EXERCISE INSTRUCTIONS – The answer should hold only the lines from the beginning of the listing below to the line containing "following questions. Show", both included, with every picture left out.
[[ MATERIAL FOR THIS EXERCISE open ]]
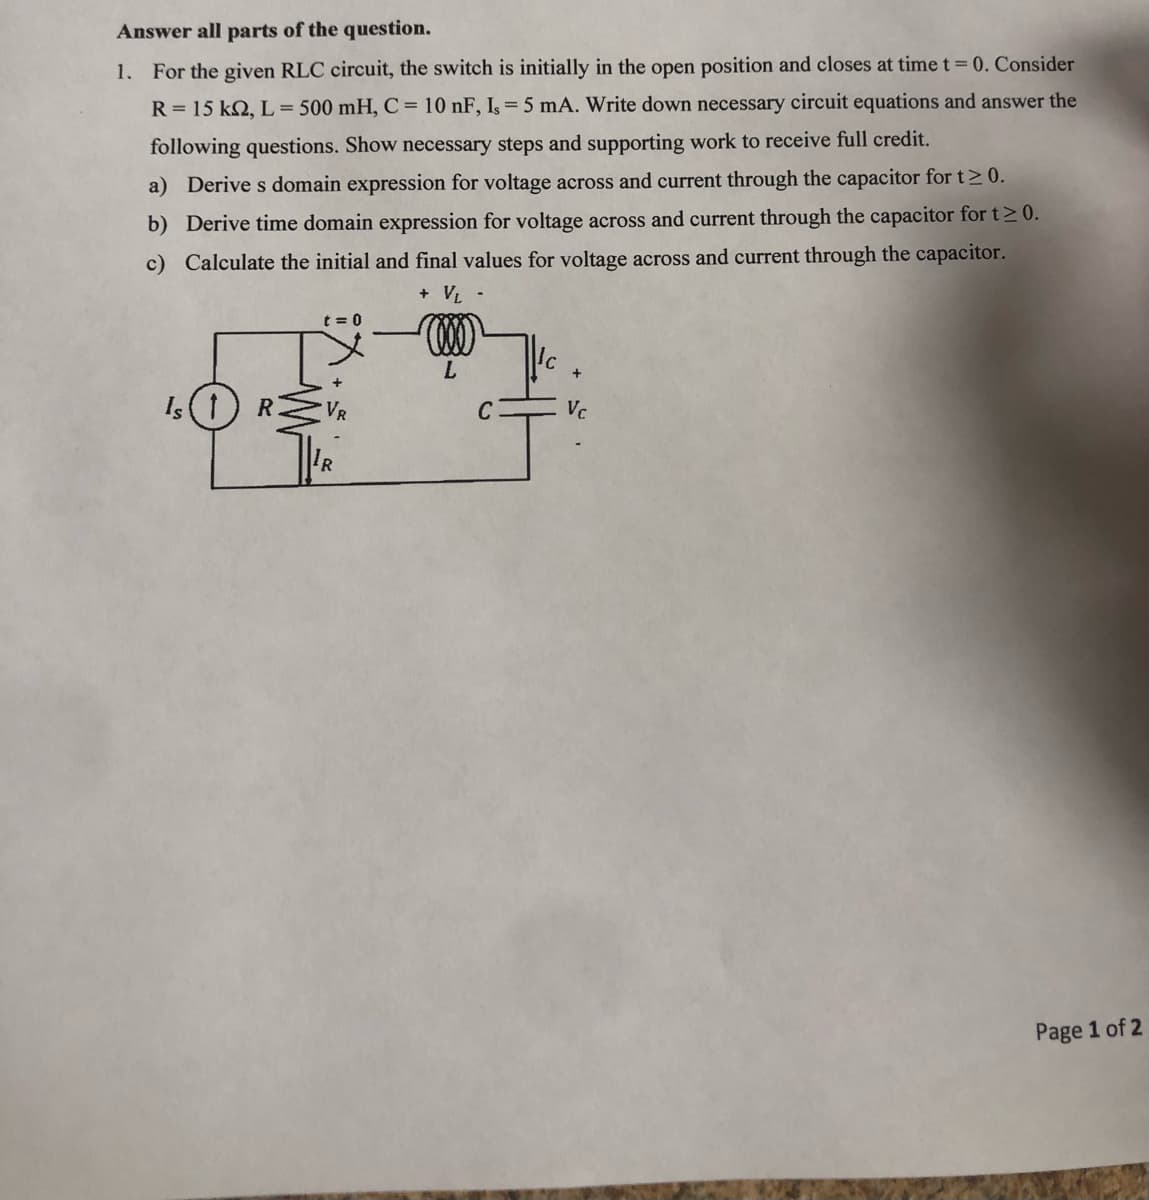 Answer all parts of the question.
1. For the given RLC circuit, the switch is initially in the open position and closes at time t = 0. Consider
R = 15 k2, L = 500 mH, C = 10 nF, Is = 5 mA. Write down necessary circuit equations and answer the
following questions. Show necessary steps and supporting work to receive full credit.
a) Derive s domain expression for voltage across and current through the capacitor for t≥ 0.
b) Derive time domain expression for voltage across and current through the capacitor for t≥ 0.
c) Calculate the initial and final values for voltage across and current through the capacitor.
+ VL -
Is (1) R
t=0
L
C
+
Vc
Page 1 of 2
[[ MATERIAL FOR THIS EXERCISE closed ]]
EXERCISE SOLUTION –
 Answer all parts of the question.
1. For the given RLC circuit, the switch is initially in the open position and closes at time t = 0. Consider
R = 15 k2, L = 500 mH, C = 10 nF, Is = 5 mA. Write down necessary circuit equations and answer the
following questions. Show necessary steps and supporting work to receive full credit.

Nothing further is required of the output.